3 OPAMP instrument rail pair input and output uses LM6134. One band can perform rail -to -orbit input and rail transition. These characteristics make these instrument amplifiers a single supply system. Some manufacturers use 5 resistors for precision division arrays to divide the co -mode voltage to obtain rail pairs or larger input range. This problem is that it also separates the signal so that a unified gain can be obtained, and the amplifier must run under a high -closed loop gain. This will reduce the input impedance through internal gain factor. Any loss in these precision resistors will reduce CMR. With LM6134, all these problems have been eliminated. In this example, amplifier A and B act as different levels of buffer (Figure 7). These buffers ensure that the input impedance exceeds 100 mΩ, and they eliminate the requirements of the input level for accurate matching resistors. At the same time, they ensure that the differential amplifier is driven by the voltage driver. This is matched by R1-R2 and R3-R4.

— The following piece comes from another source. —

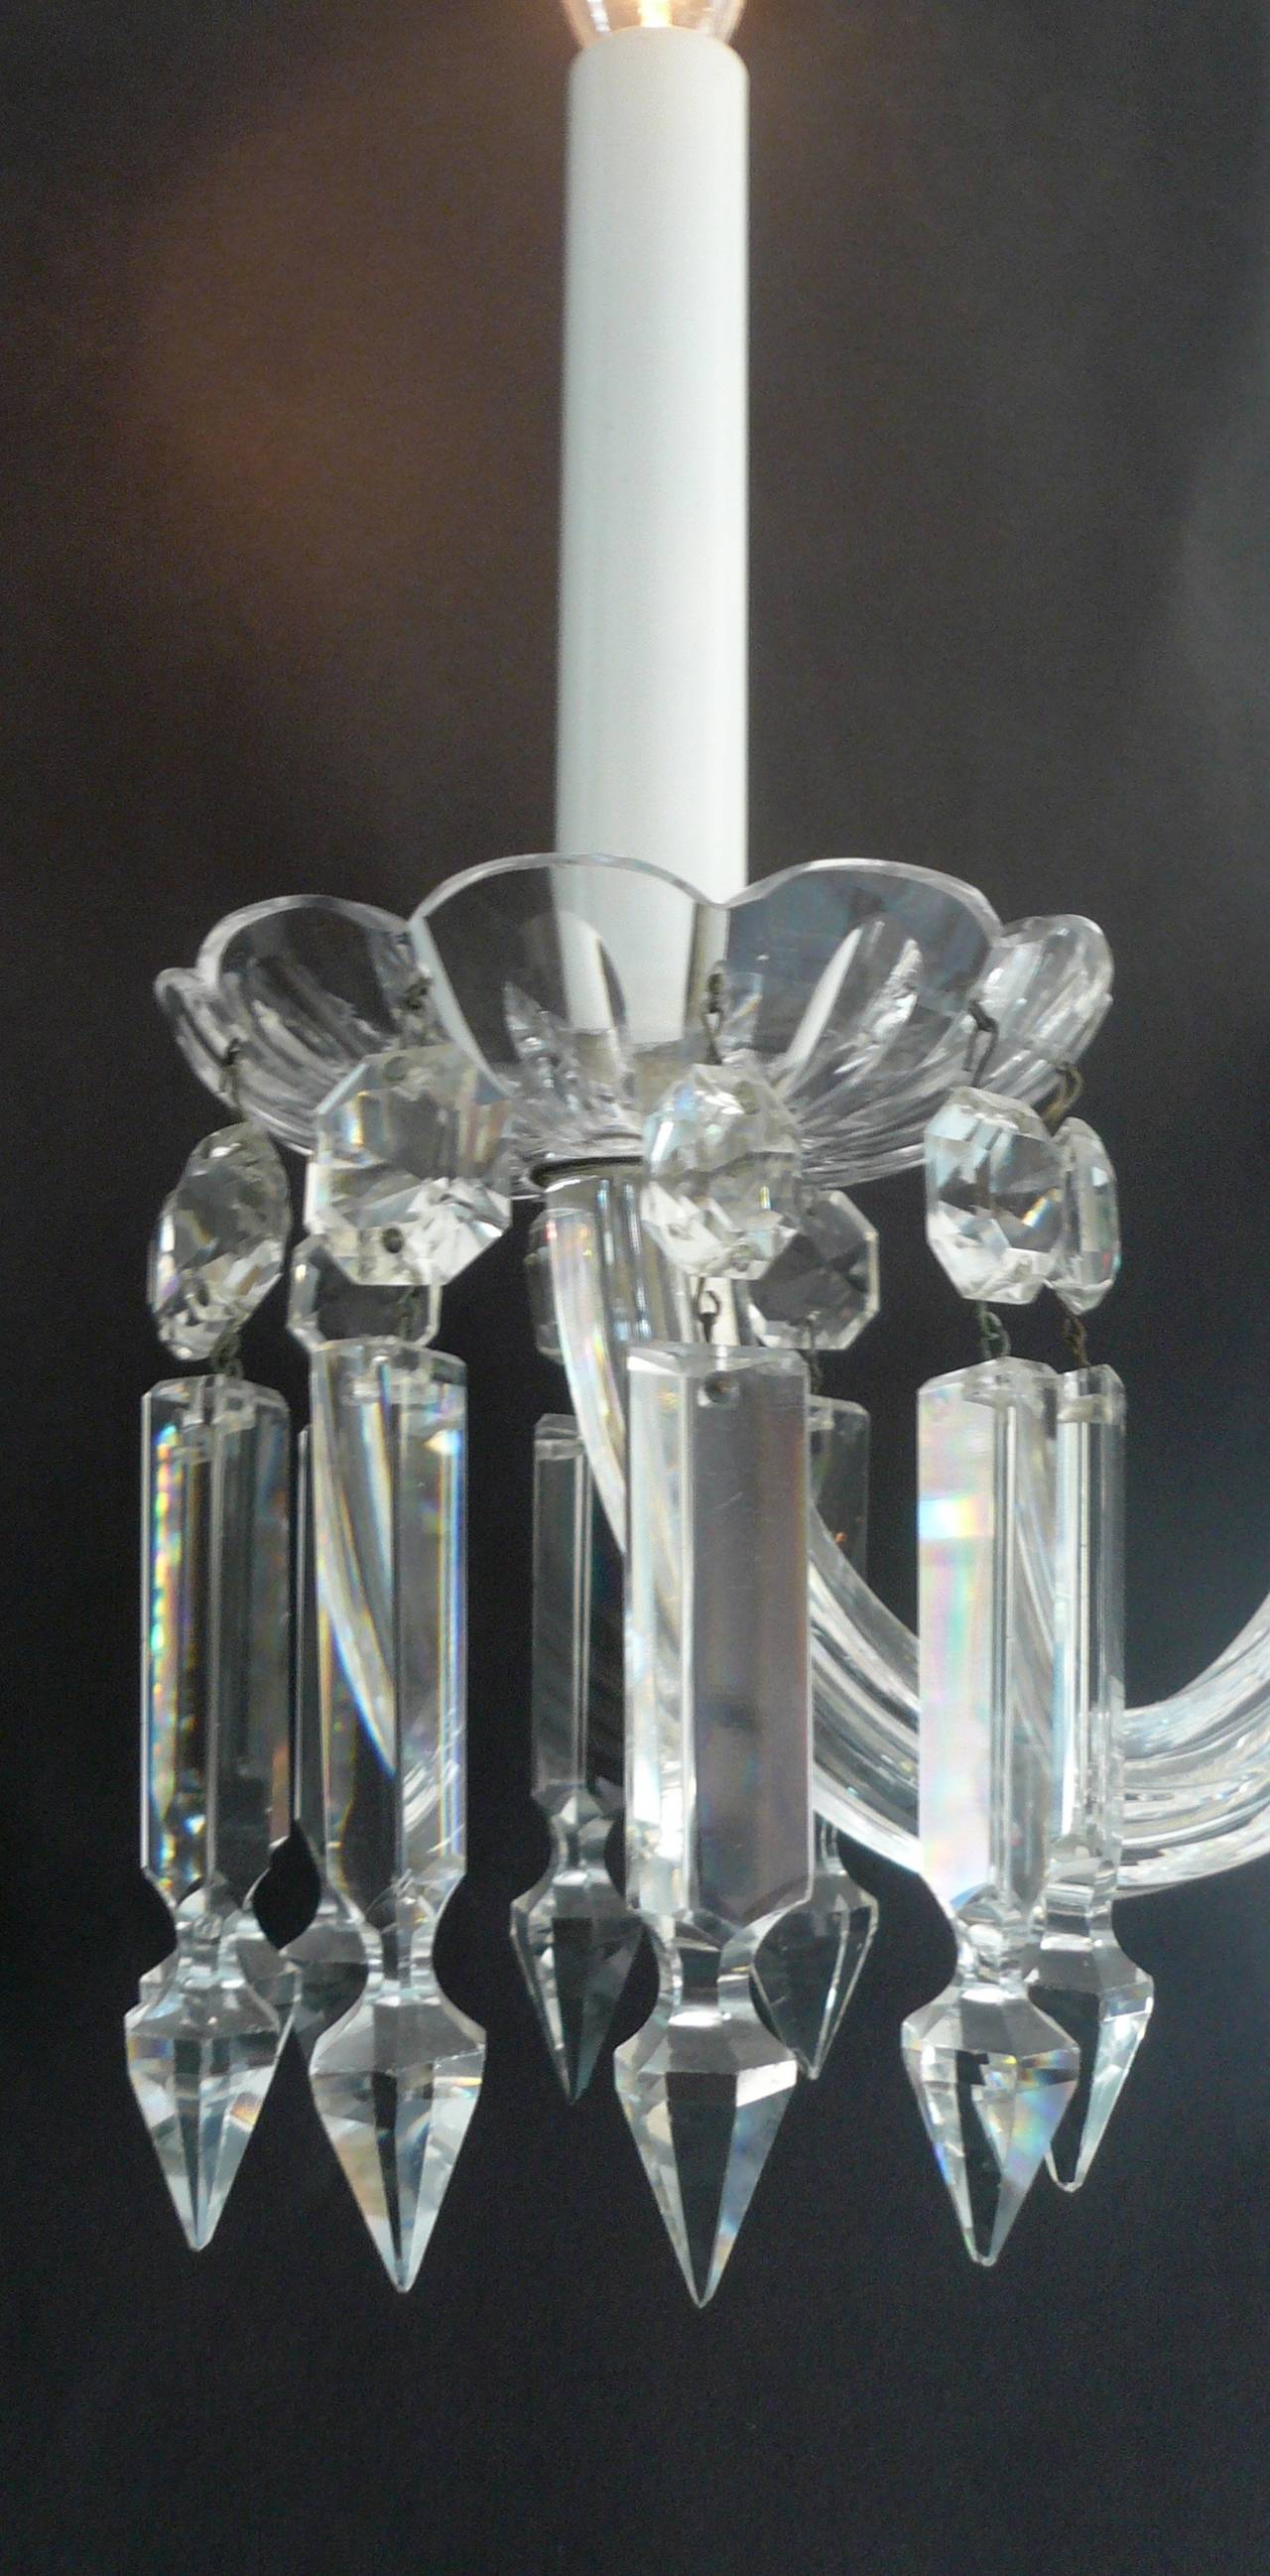 Fine quality mid-19th century six-light chandelier, originally gas powered, now electrified, signed F. & C. Osler. Osler was a leading maker of lighting fixtures and made the crystal fountain for the Crystal Palace Exhibition of 1851. Measures: The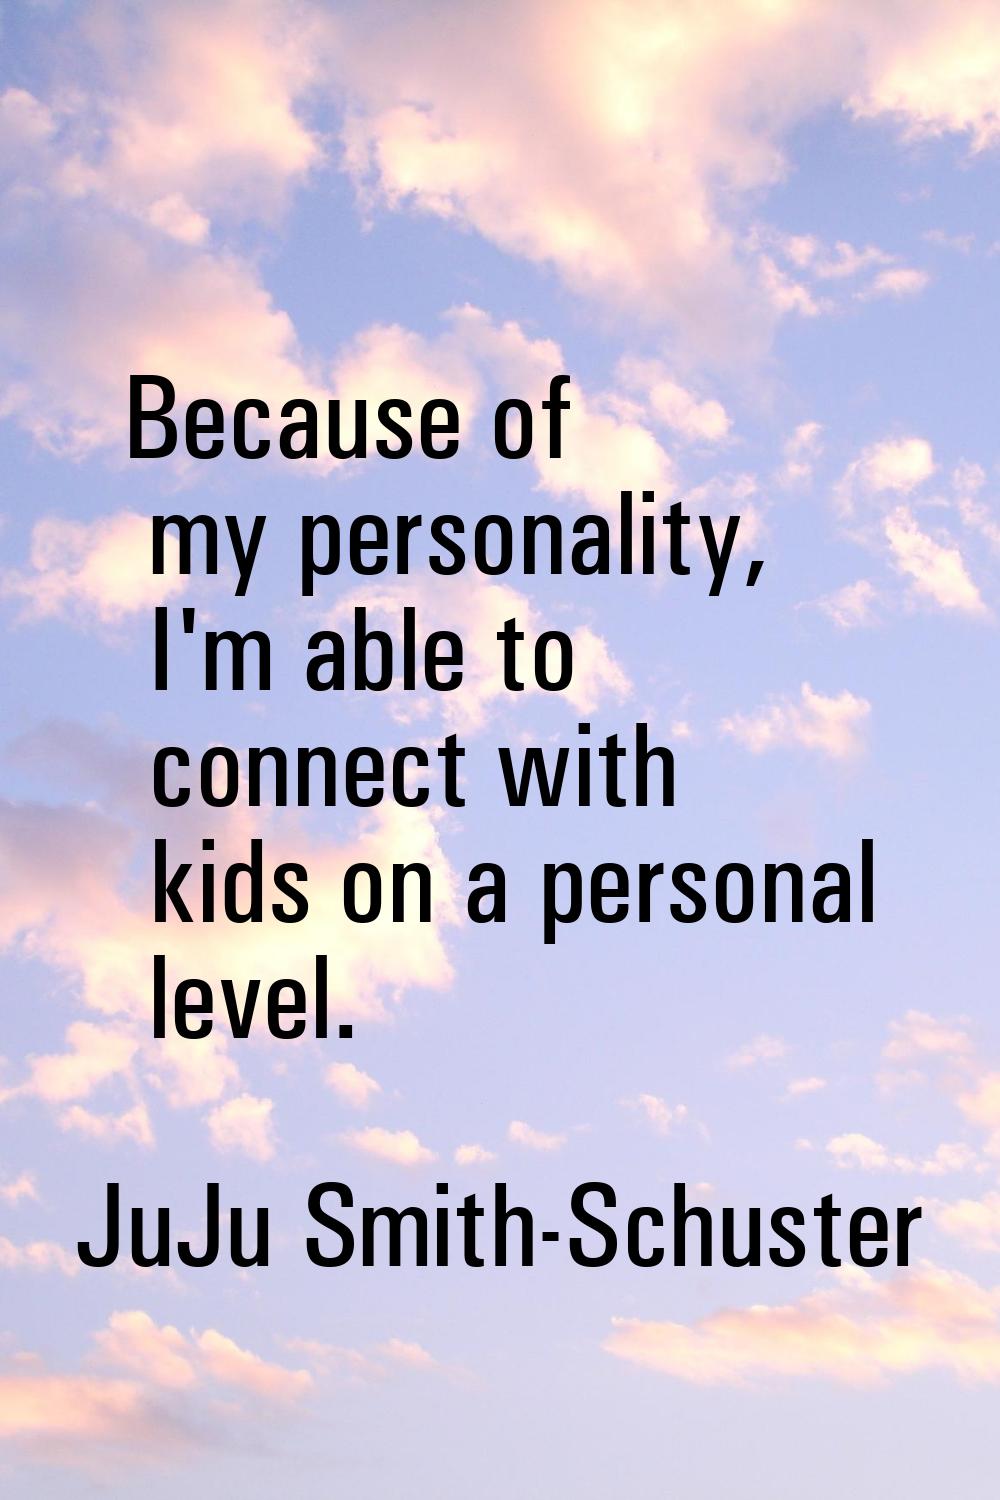 Because of my personality, I'm able to connect with kids on a personal level.

Typical application (continued)

The three characteristics of the tablet display

LM6132/34 make it a TFT-LCD application. First of all, its low -current consumption (each amplifier@5V) is the ideal choice of battery power supply in the laptop computer. Second, since the voltage of equipment work has dropped to 2.7 volts, this is the next natural selection of the third -generation TFT panel. In the end, it is not the least important point that the LM6132's large capacity capacity drive is very convenient for the LCD display driver when driving the following features. LM6132/34 aluminum's large capacitor driver capacity reduces its ability to use the Gamma correction buffer. Reference to the input voltage TFT-LCD panel driver of the resistance DAC column (source). This amplifier is also applicable to the reference voltage input capacitor DAC column (source) drive of the reference voltage in the center, such as the LMC750X series. Because for VGA and SVGA displays, the buffer voltage must be solved within a range of about 4 microseconds. The well -known technology is to use a small isolation resistance to connect with the output of AM amplifier to inhibit the output. Its wide power supply voltage range is 2.7 to 24 volts) LM6132/34 can be used for multiple applications. Therefore, the system designer can choose the type of a single device as a sub -circuit service in the system, eliminating multiple devices in the material list. And its part, LM6142 and LM6152 have the same wide power voltage capacity. You can choose the design of the LM6132 in the design to search for multiple sources for the new design.